Re: [HACKERS] Hot standby, recovery infra

2009-01-28 Thread Simon Riggs

On Wed, 2009-01-28 at 12:04 +0200, Heikki Linnakangas wrote:
 I've been reviewing and massaging the so called recovery infra patch.

Thanks.

 I feel quite good about this patch now. Given the amount of code
 churn, it requires testing, and I'll read it through one more time
 after sleeping over it. 

There's nothing major I feel we should discuss.

The way restartpoints happen is a useful improvement, thanks.

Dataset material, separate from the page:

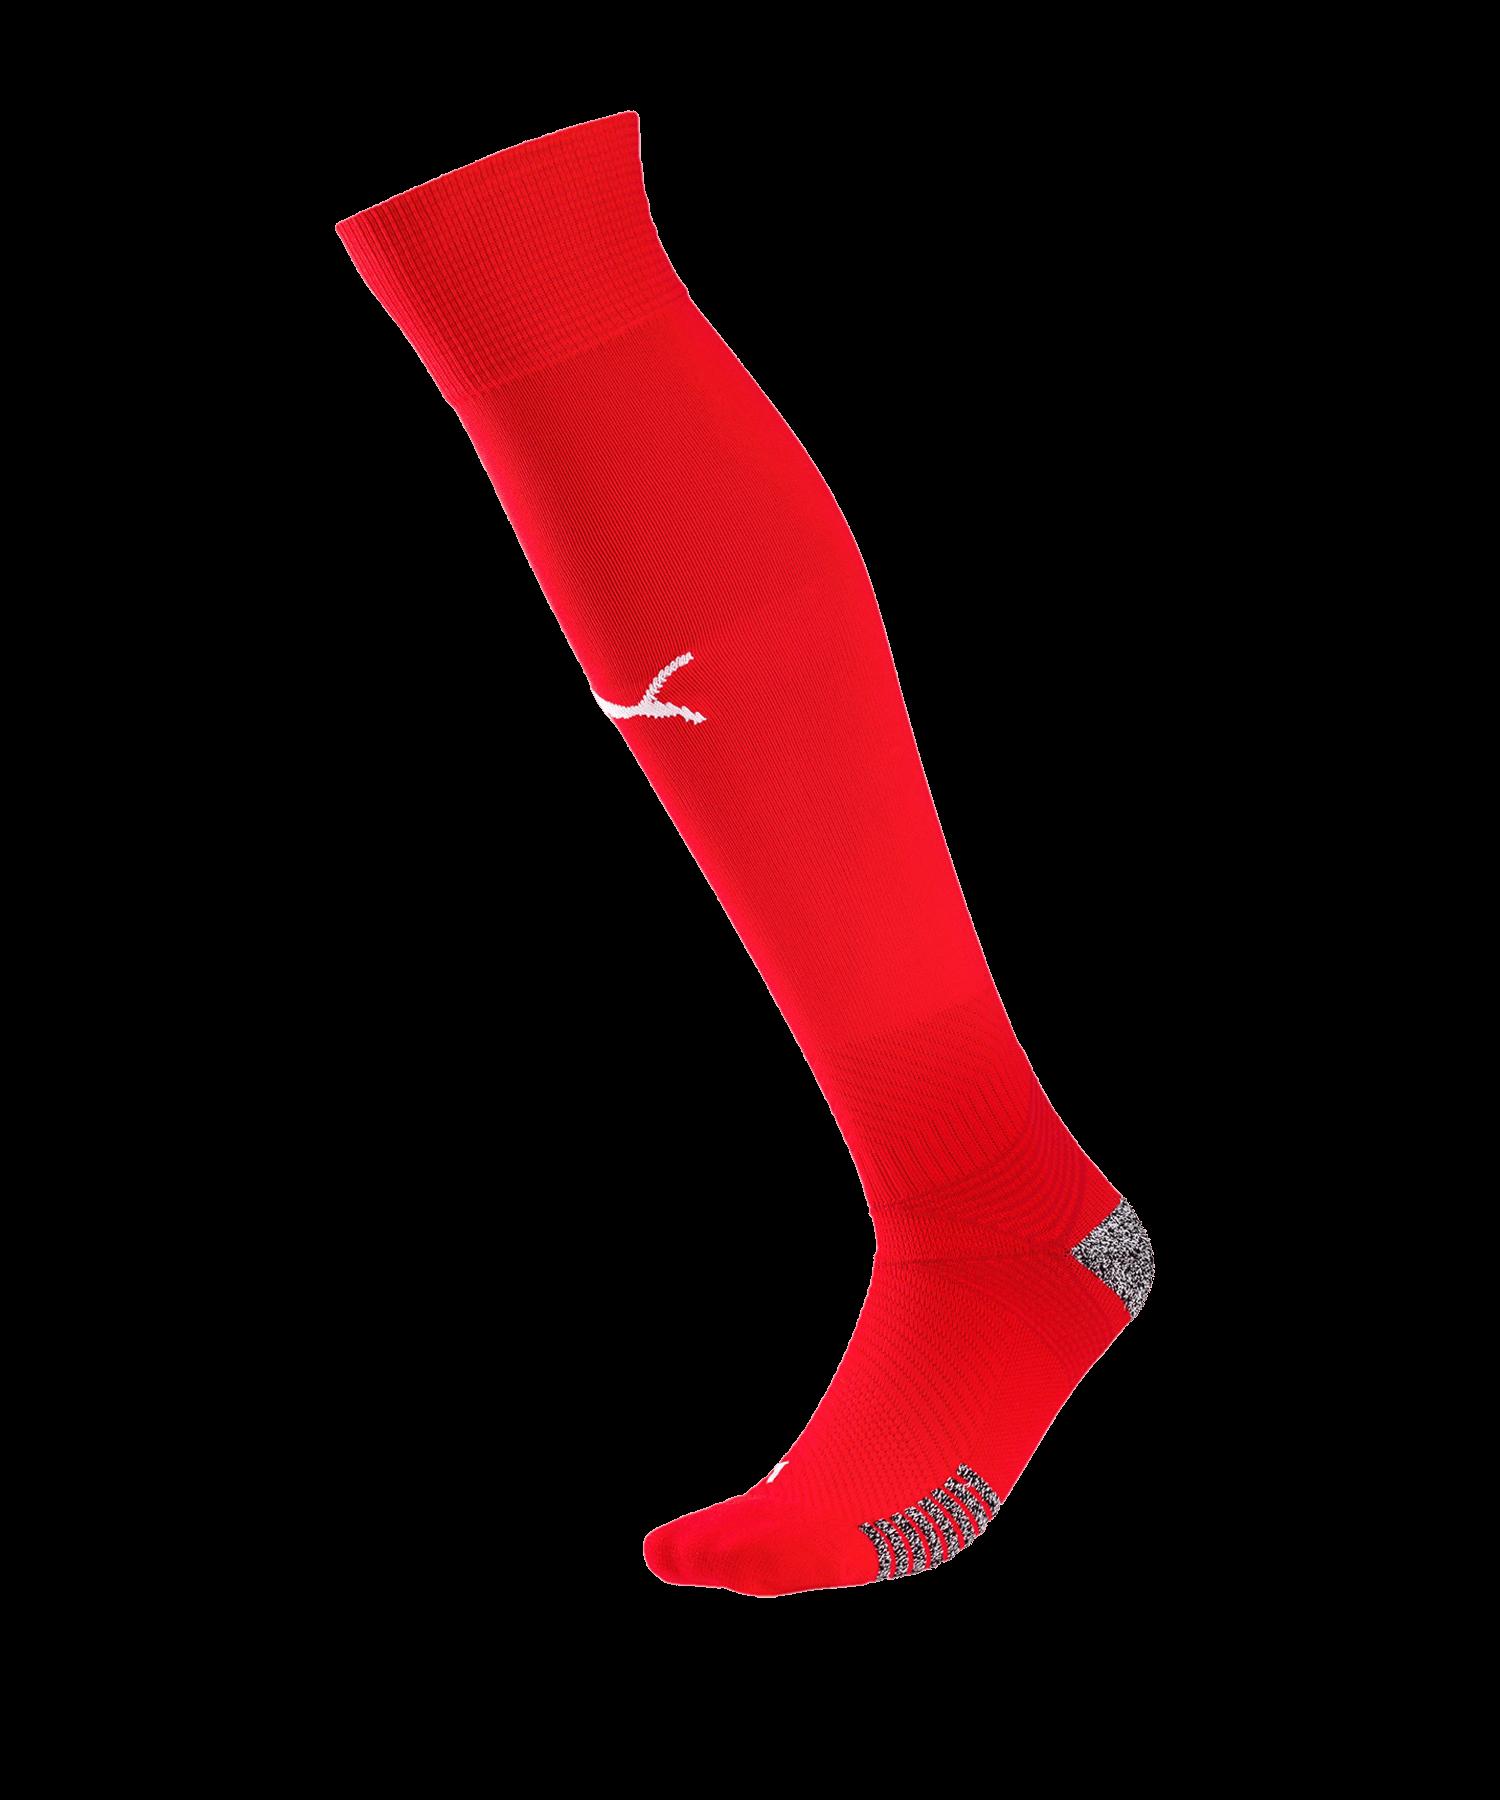 PUMA teamFINAL 21 Socks Socks
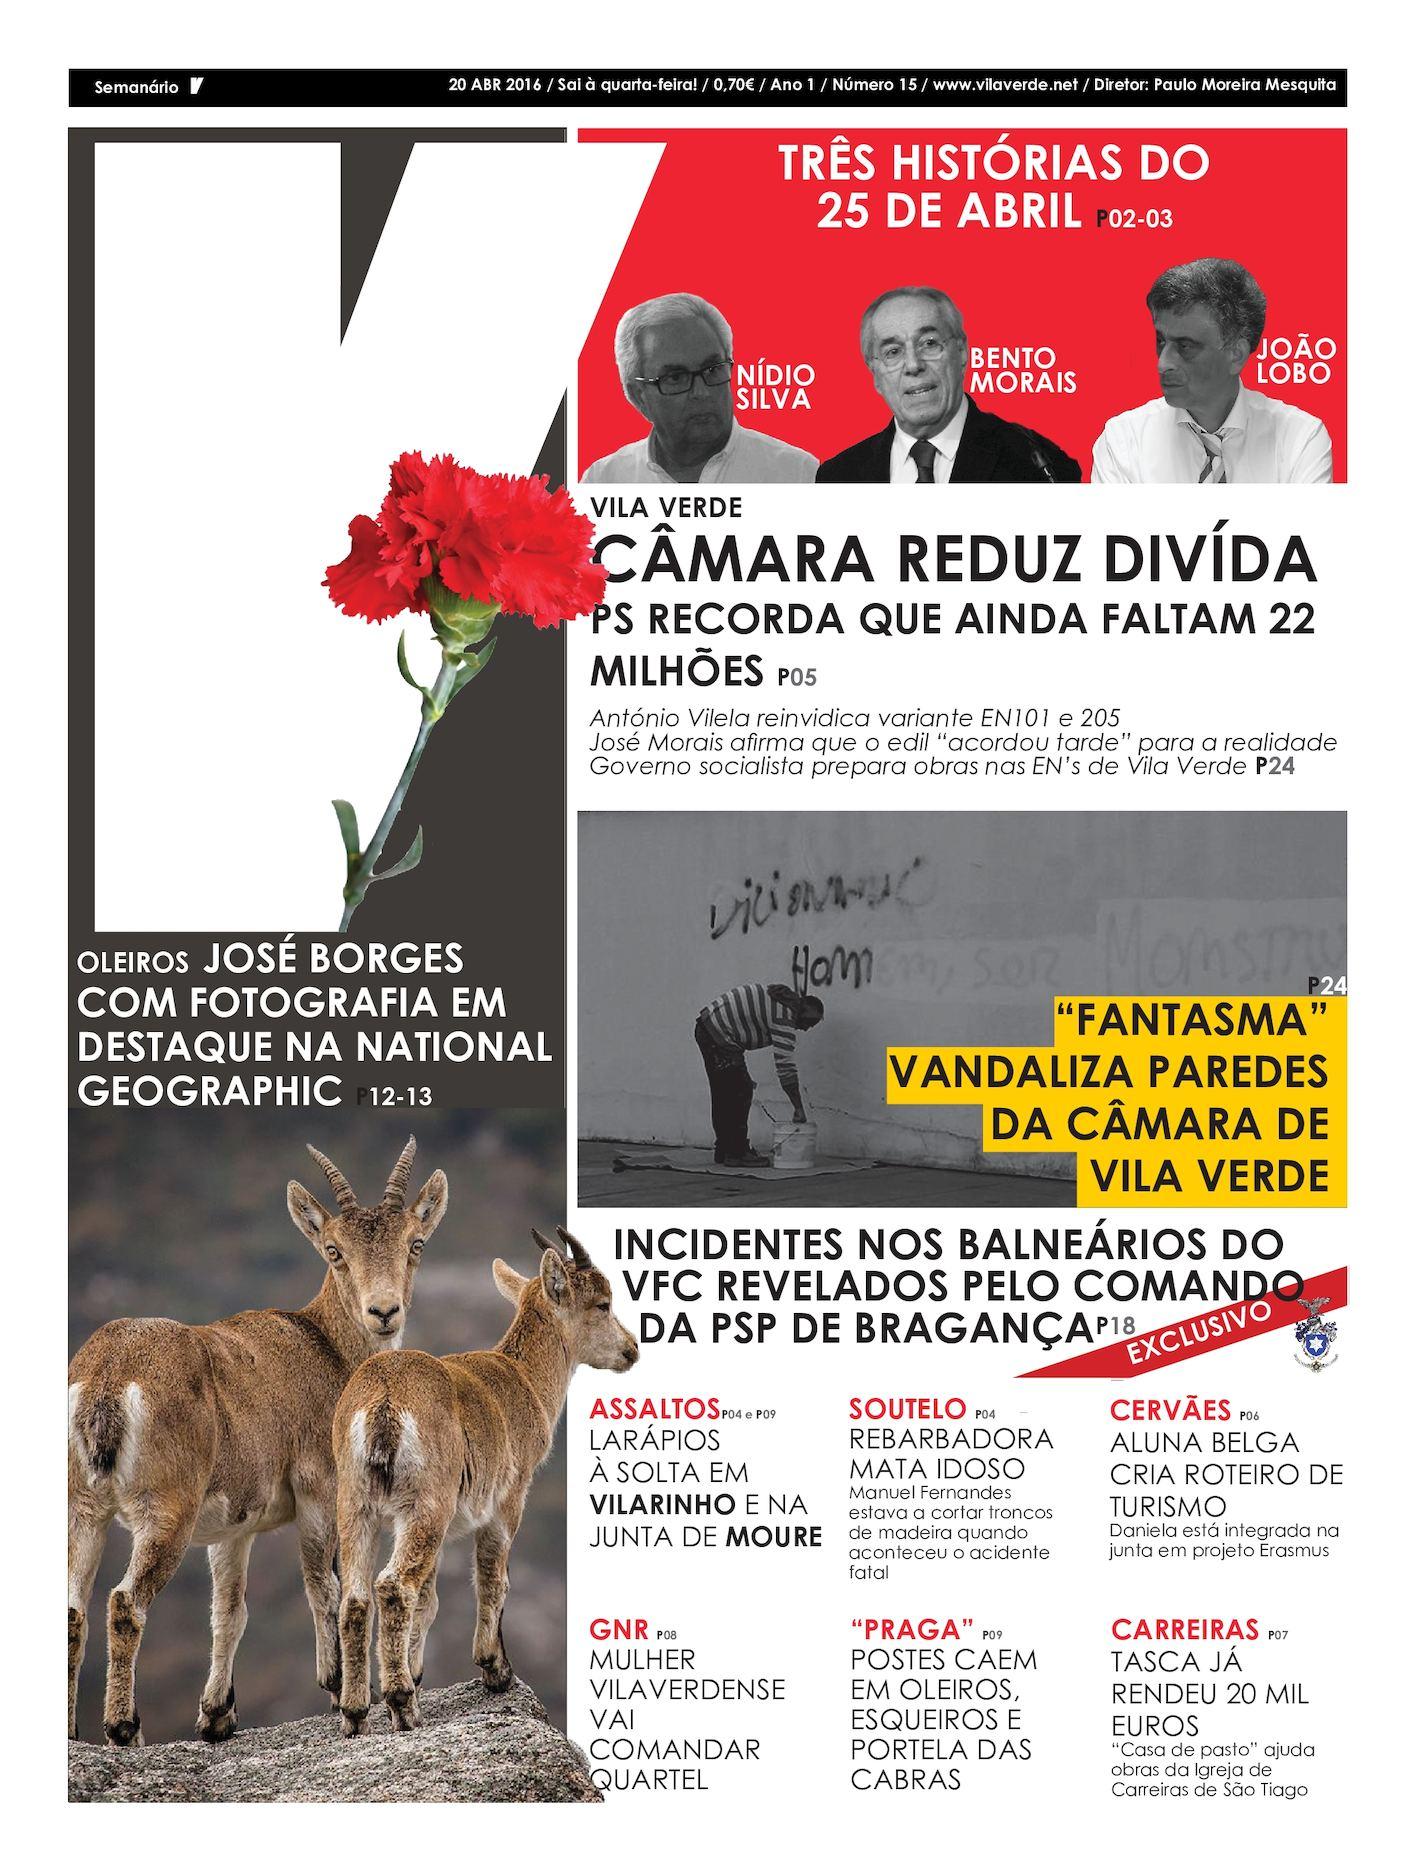 db3a8231da875 Calaméo - SEMANÁRIO V - 15

 Simon, do you see anything wrong with this?

Few minor points

* I think we are now renaming the recovery.conf file too early. The
comment says We have already restored all the WAL segments we need from
the archive, and we trust that they are not going to go away even if we
crash. We have, but the files overwrite each other as they arrive, so
if the last restartpoint is not in the last restored WAL file then it
will only exist in the archive. The recovery.conf is the only place
where we store the information on where the archive is and how to access
it, so by renaming it out of the way we will be unable to crash recover
until the first checkpoint is complete. So the way this was in the
original patch is the correct way to go, AFAICS.

* my original intention was to deprecate log_restartpoints and would
still like to do so. log_checkpoints does just as well for that. Even
less code than before...

* comment on BgWriterShmemInit() refers to CHECKPOINT_IS_STARTUP, but
the actual define is CHECKPOINT_STARTUP. Would prefer the is version
because it matches the IS_SHUTDOWN naming.

* In CreateCheckpoint() the if test on TruncateSubtrans() has been
removed, but the comment has not been changed (to explain why).

* PG_CONTROL_VERSION bump should be just one increment, to 844. I
deliberately had it higher to help spot mismatches earlier, and to avoid
needless patch conflicts.

So it looks pretty much ready for commit very soon.

We should continue to measure performance of recovery in the light of
these changes. I still feel that fsyncing the control file on each
XLogFileRead() will give a noticeable performance penalty, mostly
because we know doing exactly the same thing in normal running caused a
performance penalty. But that is easily changed and cannot be done with
any certainty without wider feedback, so no reason to delay code commit.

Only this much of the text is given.